The following morning when he returned to Sea Aster Nadine had dropped her reply about Eleanor’s conference through his letterbox. It consisted of two words, heavily underlined. No way!
Chapter 24
Nadine
It’s after one in the morning when my mobile phone rings. The number is unfamiliar, the female voice clipped with authority. She’s calling from Emergency in the Mater Hospital. Eleanor Saunders has been admitted by ambulance after suffering ‘a sudden turn.’ The nurse is unable to contact Jake and I’m second on the list of Eleanor’s next of kin.

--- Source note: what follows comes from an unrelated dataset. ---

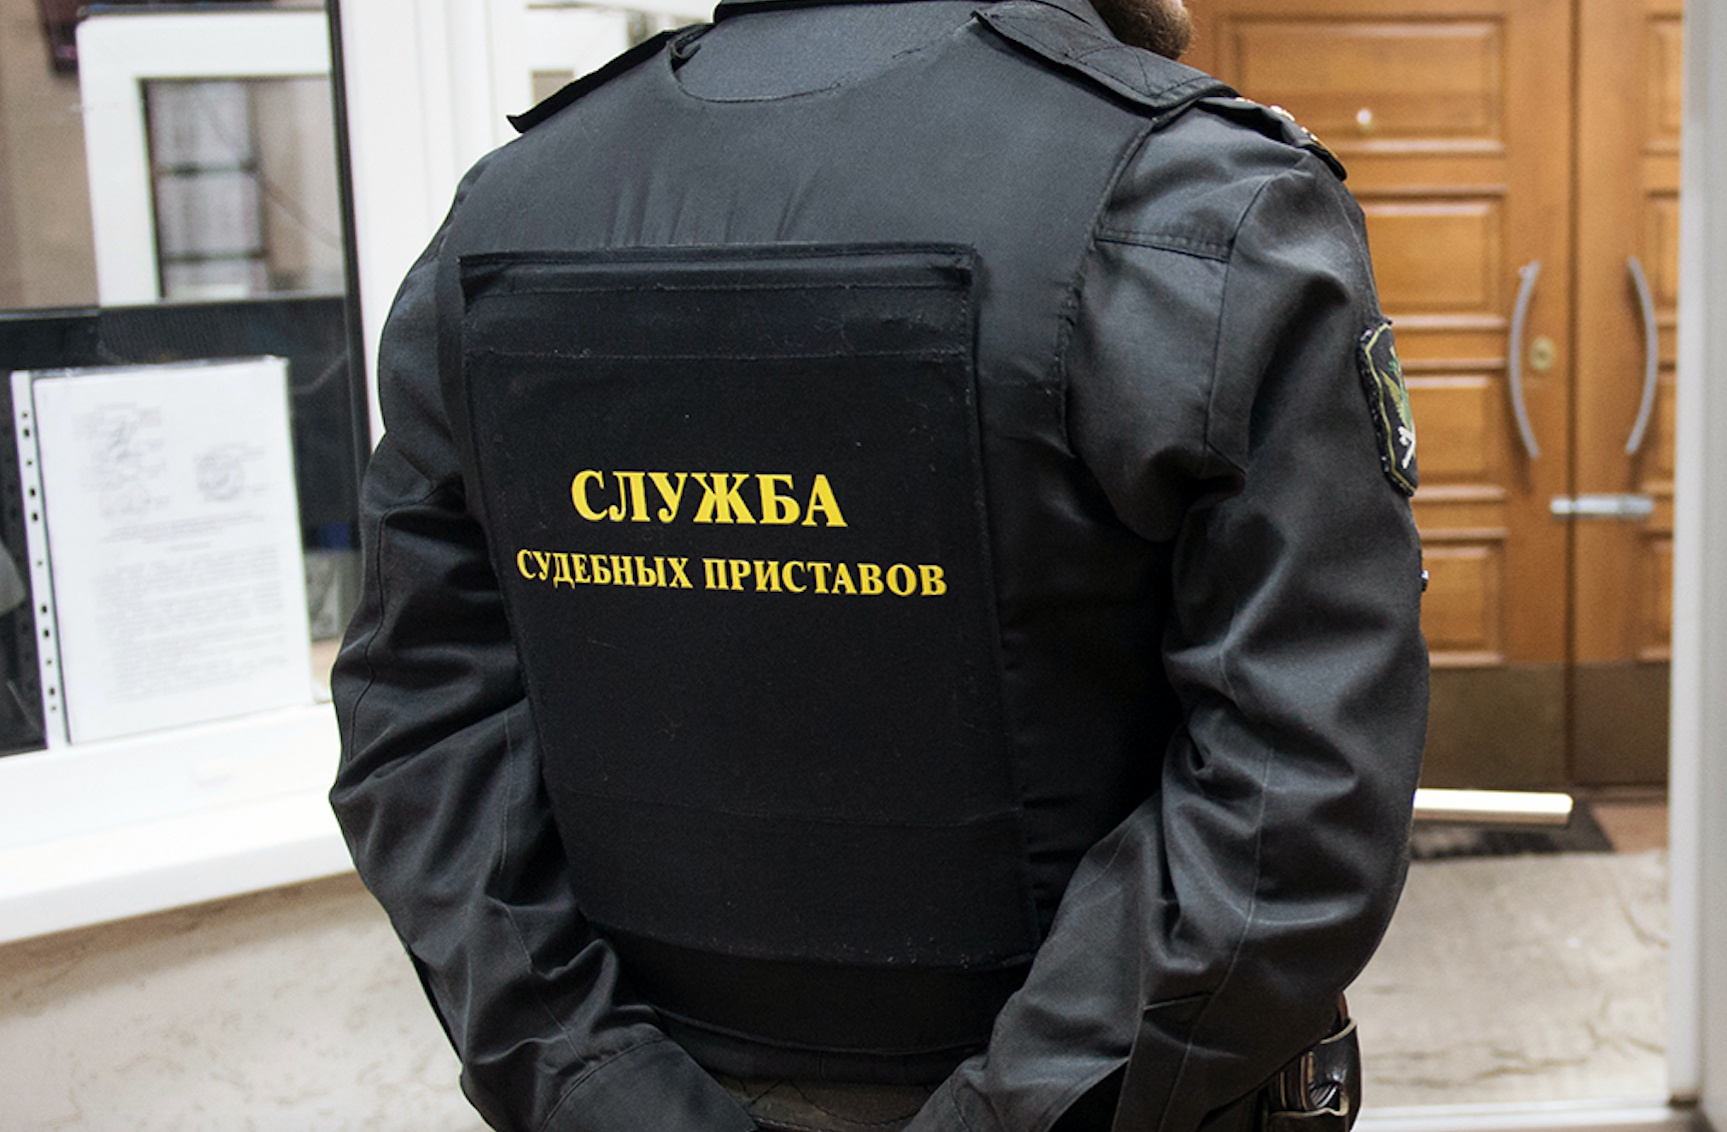 В суд направлено уголовное дело о хищении 1,1 млн рублей судебными приставами

I’ve never known Eleanor to be ill. Her redoubtable nature is capable of scaring off the most persistent germs. What does ‘a sudden turn’ imply? And where is Jake? His van is missing…as usual. I leave a message on his mobile and drive to the hospital. Eleanor is still on a trolley in Emergency, ashen-faced, her voice muffled behind an oxygen mask.
‘Such a fuss about nothing.’ She pulls the mask aside and squints at me. Her lips are drained of colour. ‘It’s a total overreaction. Where’s Jake?’
‘I don’t know. What happened to you?’
‘A touch of indigestion. I called my doctor. Before I knew what he was doing there was an ambulance outside. I’m furious with him.’